First, we need to define what exactly is being asked. Now that you have stated this is regarding a utility-scale power system, not the output of a opamp or something, we know what "reactive power" means. This is a shortcut used in the electric power industry. Ideally the load on the system would be resistive, but in reality is is partially inductive. They separate this load into the pure resistive and pure inductive components and refer to what is delivered to the resistance as "real power" and what is delivered to the inductance as "reactive power".

This gives rise to some interesting things, like that a capacitor accross a transmission line is a reative power generator. Yes, that sounds funny, but if you follow the definition of reactive power above, this is all consistant and no physics is violated. In fact, capacitors are sometimes used to "generate" reactive power.

The actual current coming out of a generator is lagging the voltage by a small phase angle. Instead of thinking of this as a magnitude and phase angle, it is thought of as two separate components with separate magnitudes, one at 0 phase and the other lagging at 90° phase. The former is the current that causes real power and the latter reactive power. The two ways of describing the overall current with respect to the voltage are mathematically equivalent (each can be unambiguously converted to the other).

So the question comes down to why does generator current that is lagging the voltage by 90° cause the voltage to go down?

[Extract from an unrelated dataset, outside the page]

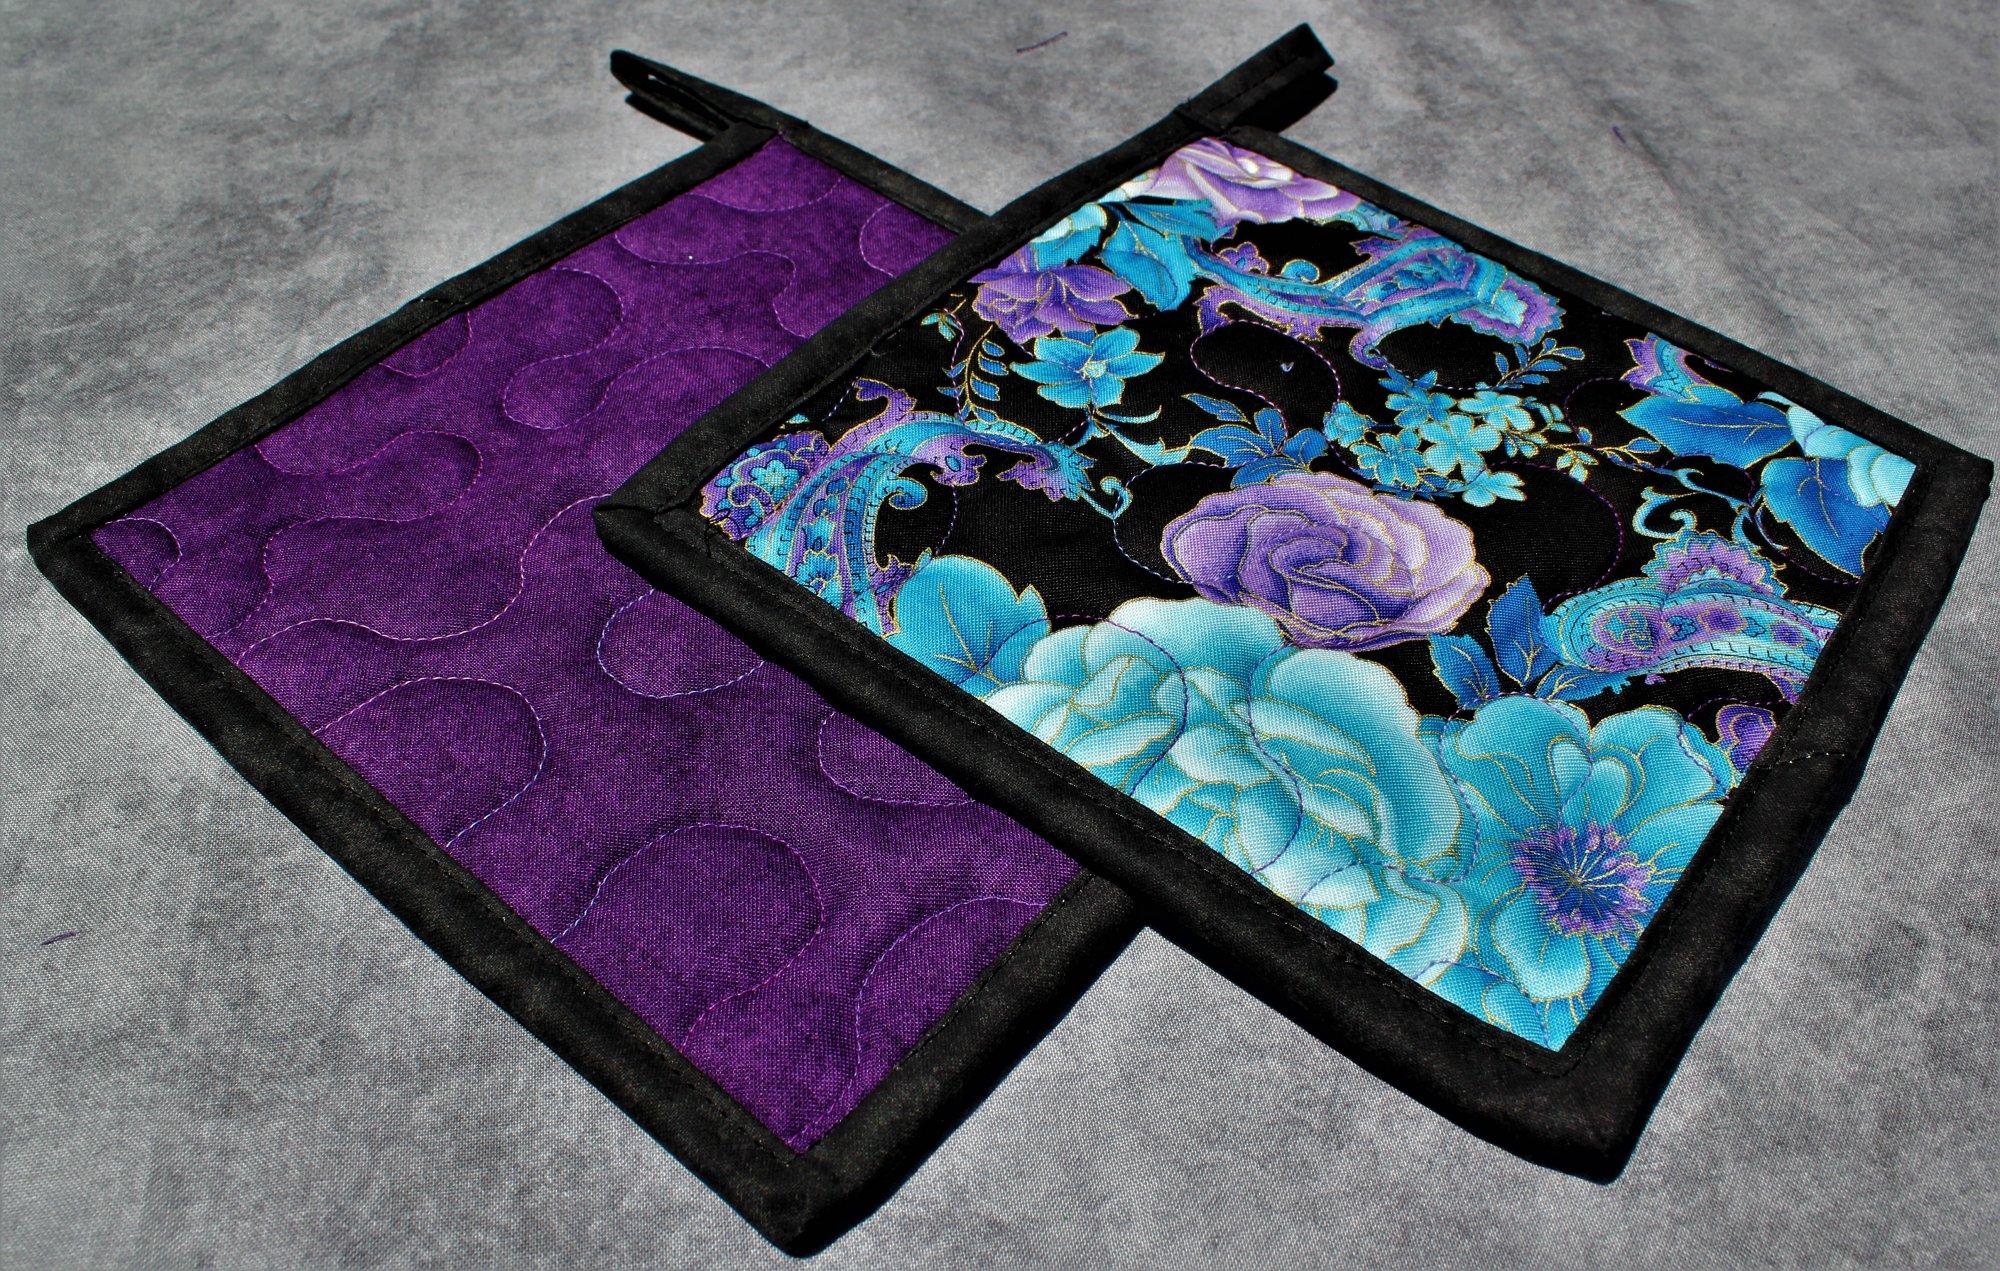 Blue/Purple/Black Flowers and Paisleys Potholders Set of 2

I think there are two answers to this.

First, any current, regardless of phase, still causes a voltage drop accross the inevitable resistance in the system. This current crosses 0 at the peak of the voltage, so you might say it shouldn't effect the voltage peak. However, the current is negative right before the voltage peak. This can actually cause a little higher apparent (after the voltage drop on the series resistance) voltage peak immediately before the open-circuit voltage peak. Put another way, due to non-zero source resistance, the apparent output voltage has a different peak in a different place than the open-circuit voltage does.

I think the real answer has to do with unstated assumptions built into the question, which is a control system around the generator. What you are really seeing the reaction to by removing reactive load is not that of the bare generator, but that of the generator with its control system compensating for the change in load. Again, the inevitable resistance in the system times the reactive current causes real losses. Note that some of that "resistance" may not be direct electrical resistance, but mechanical issues projected to the electrical system. Those real losses are going to add to the real load on the generator, so removing the reactive load still relieves some real load.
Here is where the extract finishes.